/graphTherapy

Webapp for tracking and displaying statistics of Above & Beyond's radio show

Primary LanguageJavaScript

graphTherapy

Group Therapy is a radio show hosted by the Trance artists Above & Beyond. It is hosted every friday at 2pm EST, and has some of the most dedicated fans out there. This app tracks and graphs twitter trends of this radio show.


##LISTEN

##Stack

Built on the MEAN stack. (MongoDB, Node.js/Express, Angularjs)

The bargraph was build using d3

##Technical Overview

This app uses the Twitter Streaming API to track the following keywords:

- aboveandbeyond
- abgrouptherapy
- grouptherapy
- abgt (the hashtag associated with the show)

Everytime someone tweets something containing a keyword, this app recieves it and stores it in a database. The server uses Socket.io to broadcast this tweet to all connected clients so they can see tweets update the table in real-time.
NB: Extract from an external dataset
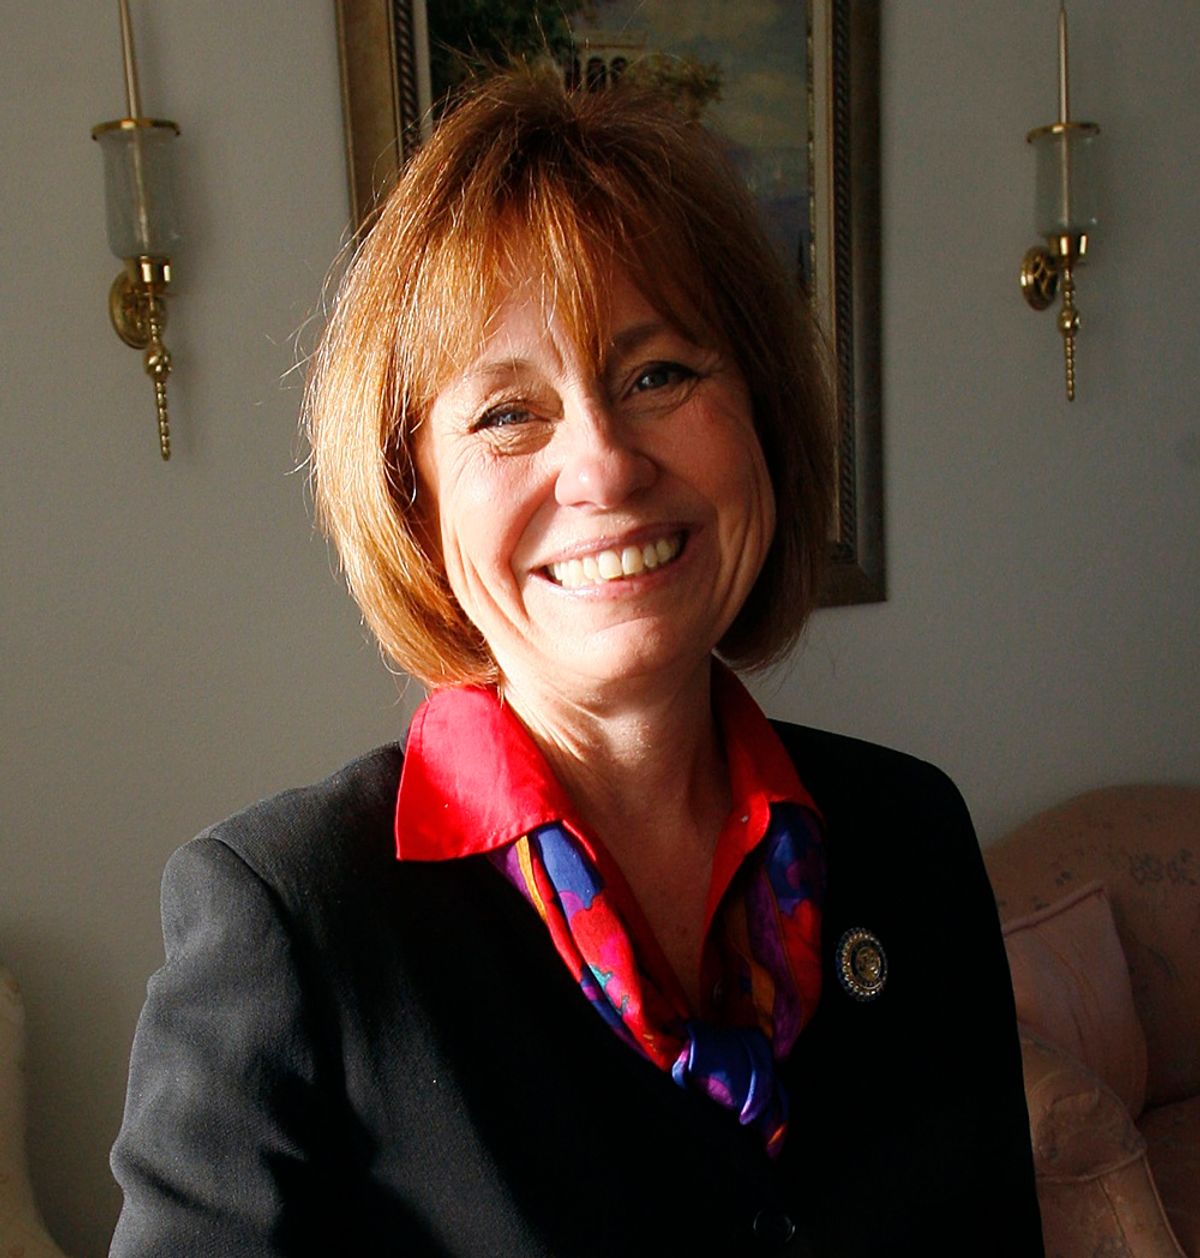 Sharron Angle, the Tea Party's Nevada Senate candidate

###Backend data aggregation

  • api/twitterAPI.js
    • recieves data through twitter streaming API
    • stores new data in the db
    • sends new tweets to the clients via websockets
  • api/statAPI.js
    • aggregates graph data on server startup
    • emits new data to clients every minute/hour/day
    • stores graph data in FIFO queues
      • since data is ordered, we don't need random access to the arrays, just to push/pop/shift/unshift appropriately

###Bar Graph

There are three possible views for the bar-graph:

  • minutes
  • hours
  • days

To view the time correseponding to a given bar, you have to hover your mouse over it. I thought this would be a cleaner alternative to listing all 60/24/28 times on the x-axis.

The app also uses sockets to update the bar-graph for the client in real-time.

##Real-life appliations

While this webapp is a bit contrived to meet the criteria of an assignment, it could easily be expanded upon to serve as a twitter analytics tool. By analyzing these data trends, artists and companies could determine:

  • Who are their most influential followers
  • What songs/ideas get their fans/customers excited
  • Magnitude of growth/outreach

Combining these data trends with sentiment analysis technology could also produce meaningful data.

Most of the tweet data in the database isn't being utilized (the data represented in the graph is simply a count of documents), but I kept it there so it could possibly be utilized later. For example, the user.followers_count field could be used to determine the influence of a given follower.